The All-Reduce Algorithm: Ring-Reduce
Let's break down how all-reduce works with 4 GPUs using the ring algorithm.
Suppose each GPU has a value it wants to sum across all GPUs:
GPU 0: [1, 2, 3, 4]
GPU 1: [5, 6, 7, 8]
GPU 2: [9, 10, 11, 12]
GPU 3: [13, 14, 15, 16]
Goal: Each GPU should end up with [28, 32, 36, 40]
(sum of all corresponding elements)
Phase 1: Reduce-Scatter (N-1 steps, where N=4 GPUs)
GPUs arranged in a ring: GPU 0 → GPU 1 → GPU 2 → GPU 3 → GPU 0
Each GPU's data is divided into 4 chunks.
Step 1:
GPU 0 sends chunk 0 to GPU 1
GPU 1 sends chunk 1 to GPU 2
GPU 2 sends chunk 2 to GPU 3
GPU 3 sends chunk 3 to GPU 0
After receiving and summing:
GPU 0: [1+13, 2, 3, 4]
GPU 1: [5, 6+1, 7, 8]
GPU 2: [9, 10, 11+5, 12]
GPU 3: [13, 14, 15, 16+9]
Step 2:
GPU 0 sends updated chunk 3 to GPU 1
GPU 1 sends updated chunk 0 to GPU 2
GPU 2 sends updated chunk 1 to GPU 3
GPU 3 sends updated chunk 2 to GPU 0
After receiving and summing:
GPU 0: [1+13, 2, 3+11+5, 4]
GPU 1: [5+6+1, 6+1, 7, 8+16+9]
GPU 2: [9, 10+15, 11+5, 12]
GPU 3: [13, 14, 15+7, 16+9]
Continue for N-1 = 3 steps total.
After reduce-scatter, each GPU has the complete sum for 1/4 of the data.

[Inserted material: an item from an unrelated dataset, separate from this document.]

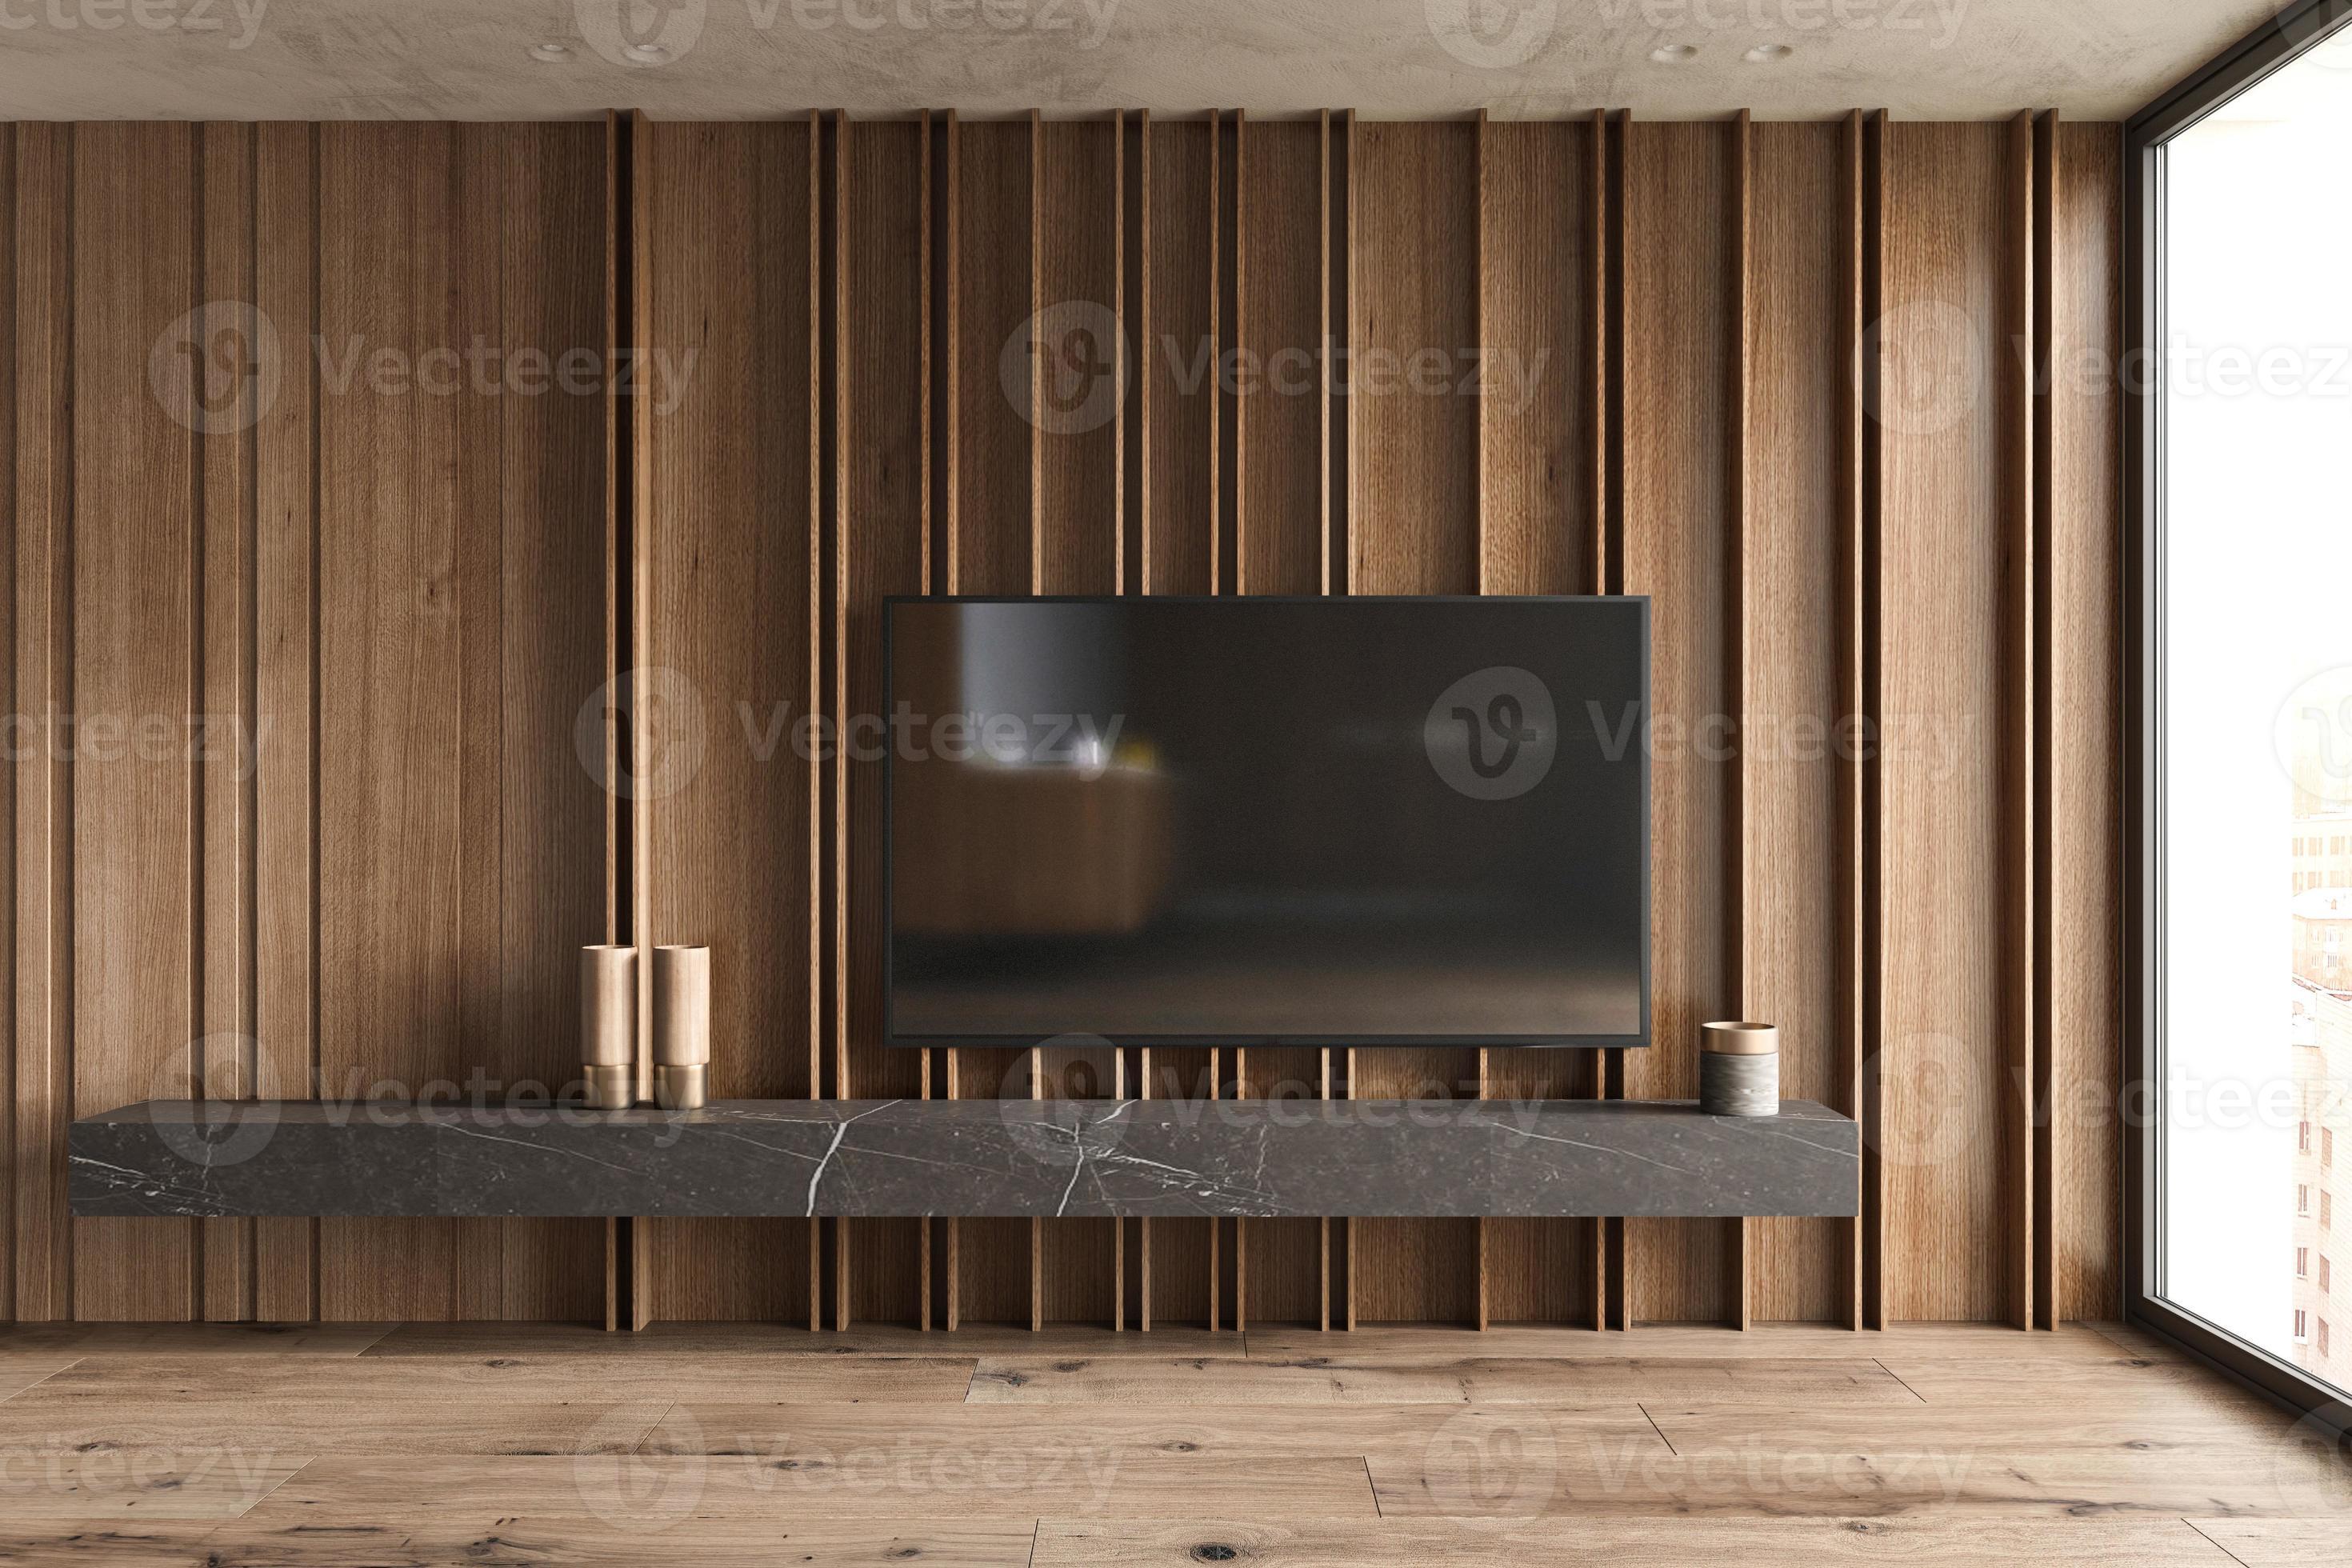 ondernemer Dollar Spijsverteringsorgaan smart tv gemonteerd hang op houten panelen muur in woonkamer met plank en  decor in modern interieur. mock up 3d render illustratie. 5393530 Stockfoto
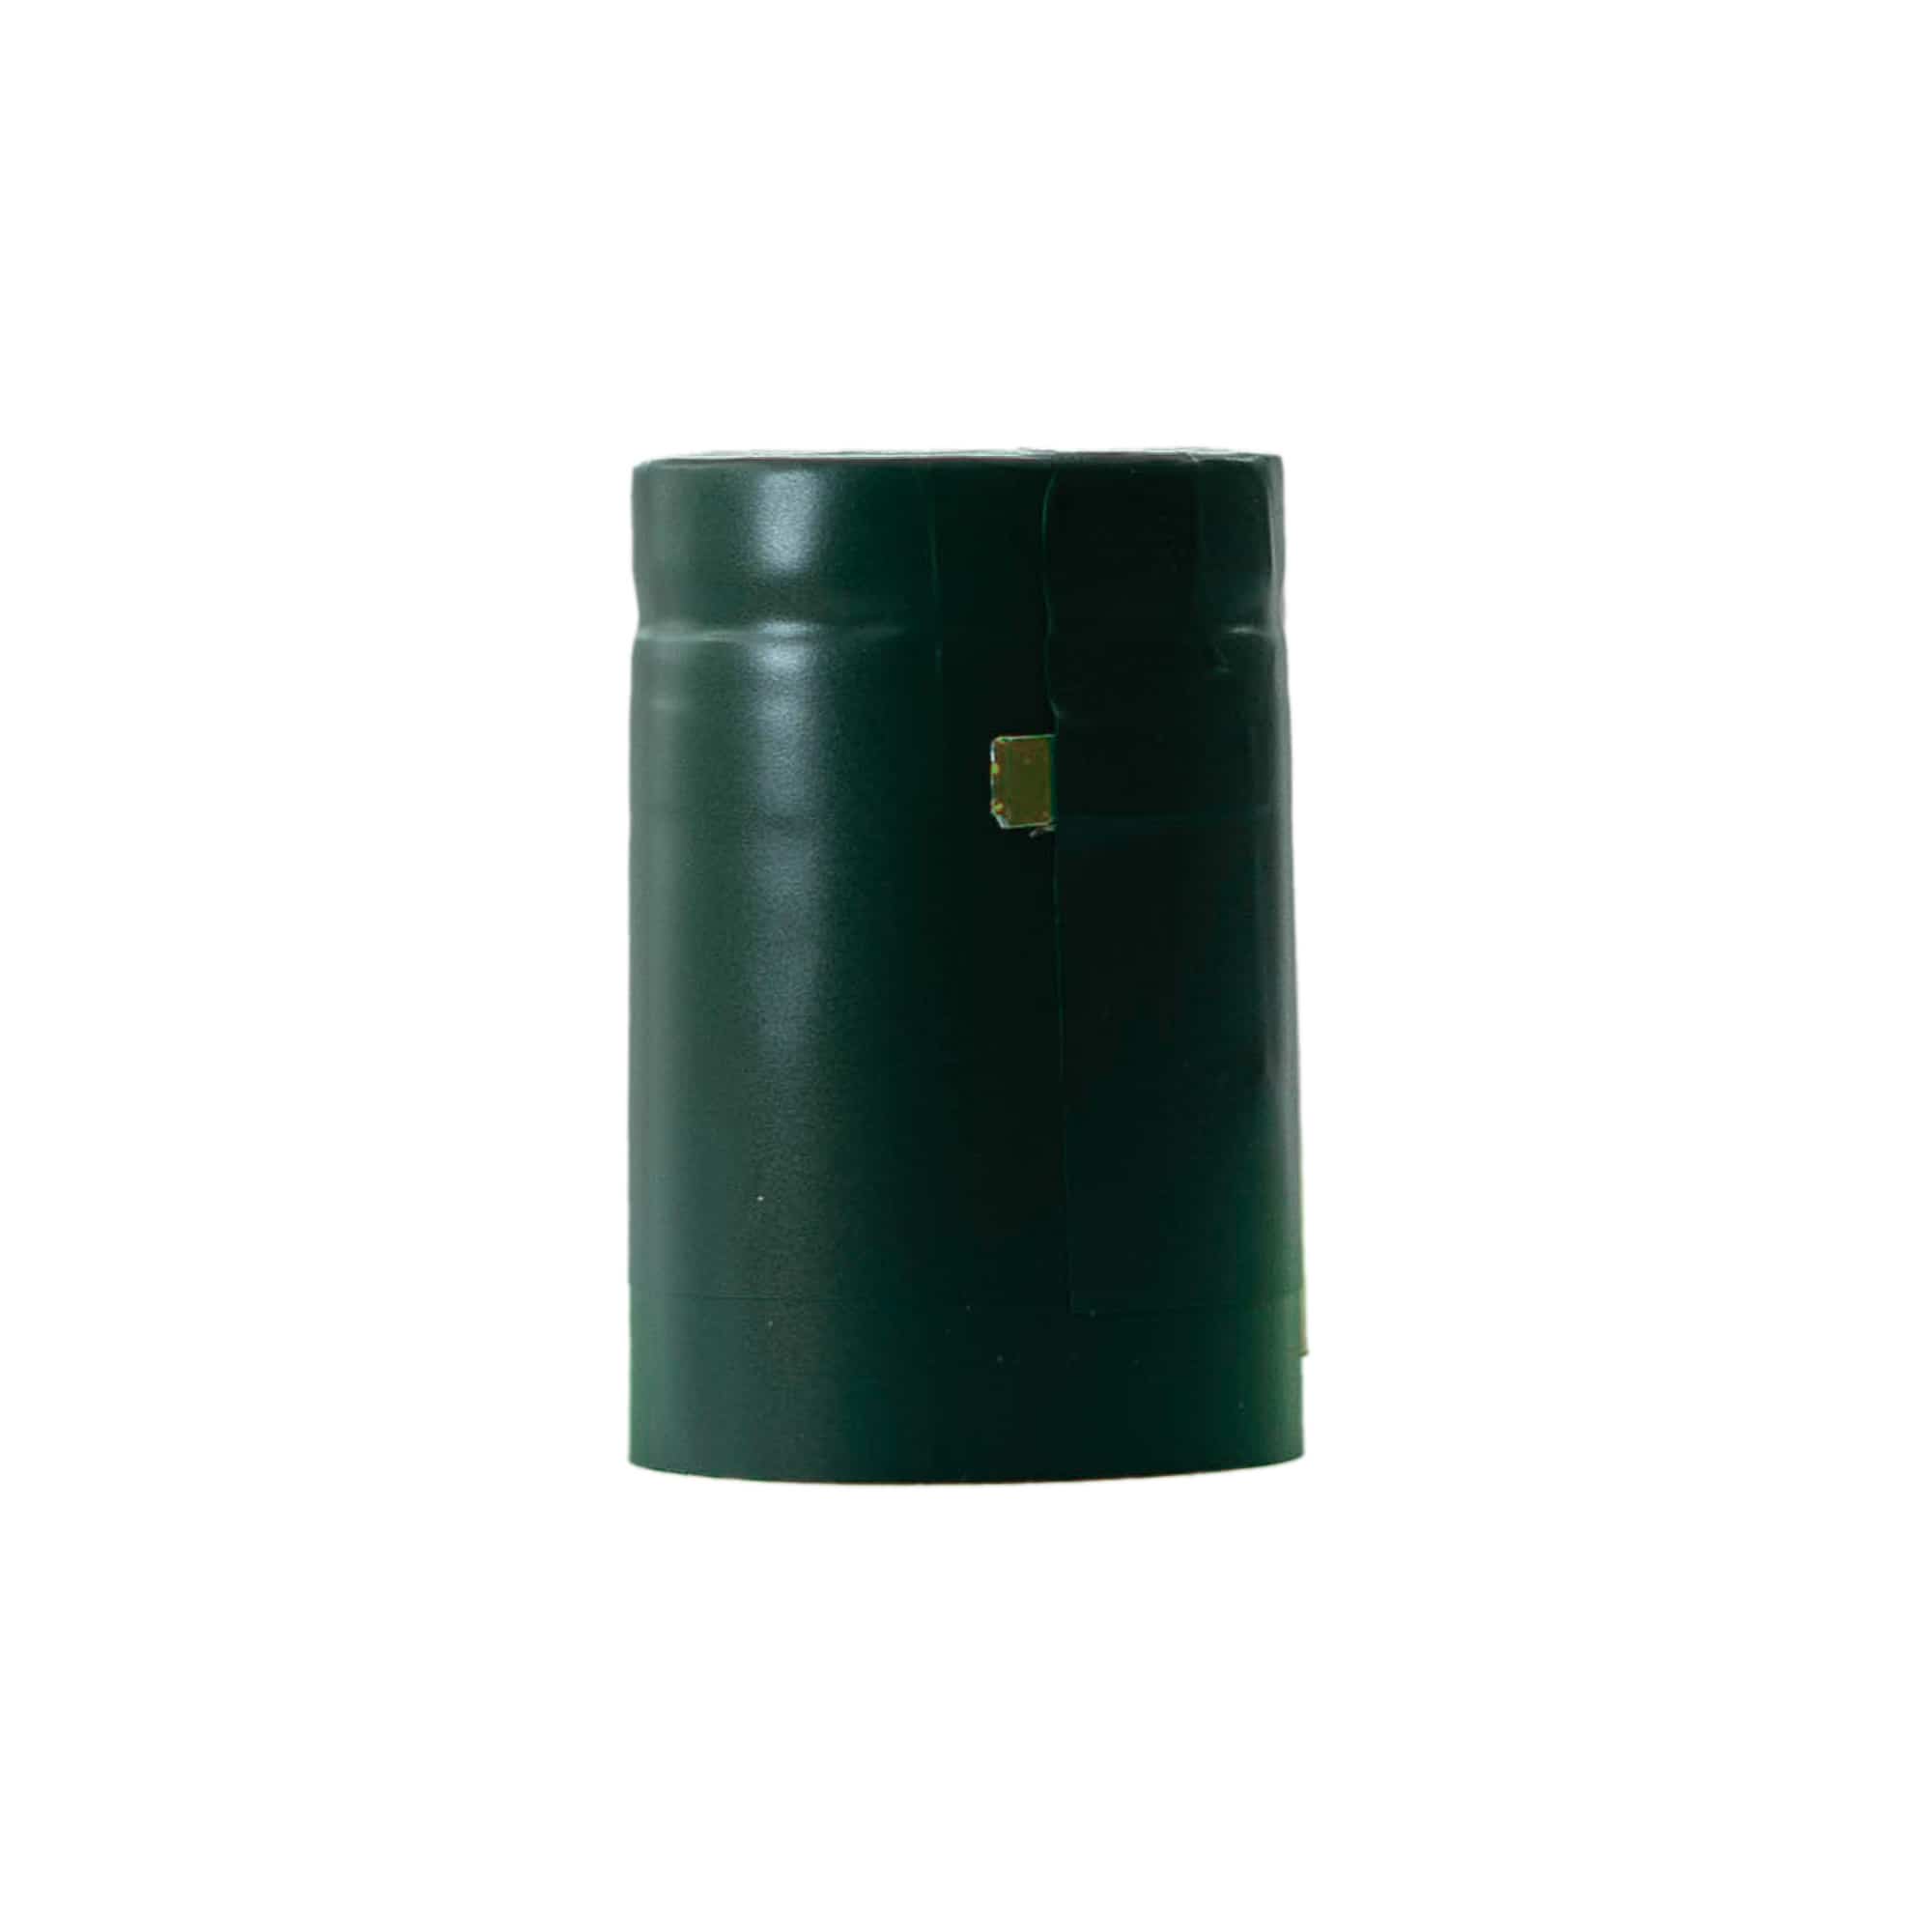 Kapturek termokurczliwy 32x41, tworzywo sztuczne PVC, kolor szmaragdowo-zielony

Phase 2: All-Gather (N-1 steps)
Now each GPU shares its fully-reduced chunk with others.
Step 1:
GPU 0 sends its complete chunk 3 to GPU 1
GPU 1 sends its complete chunk 0 to GPU 2
GPU 2 sends its complete chunk 1 to GPU 3
GPU 3 sends its complete chunk 2 to GPU 0
Continue for N-1 = 3 steps.
After all-gather, all GPUs have the complete result: [28, 32, 36, 40].
Total communication:
- Each GPU sends N-1 messages in reduce-scatter
- Each GPU sends N-1 messages in all-gather
- Total: 2(N-1) messages per GPU
- For 4 GPUs: 6 messages per GPU
Data transferred per GPU:
If total data size is S, each message is S/N in size.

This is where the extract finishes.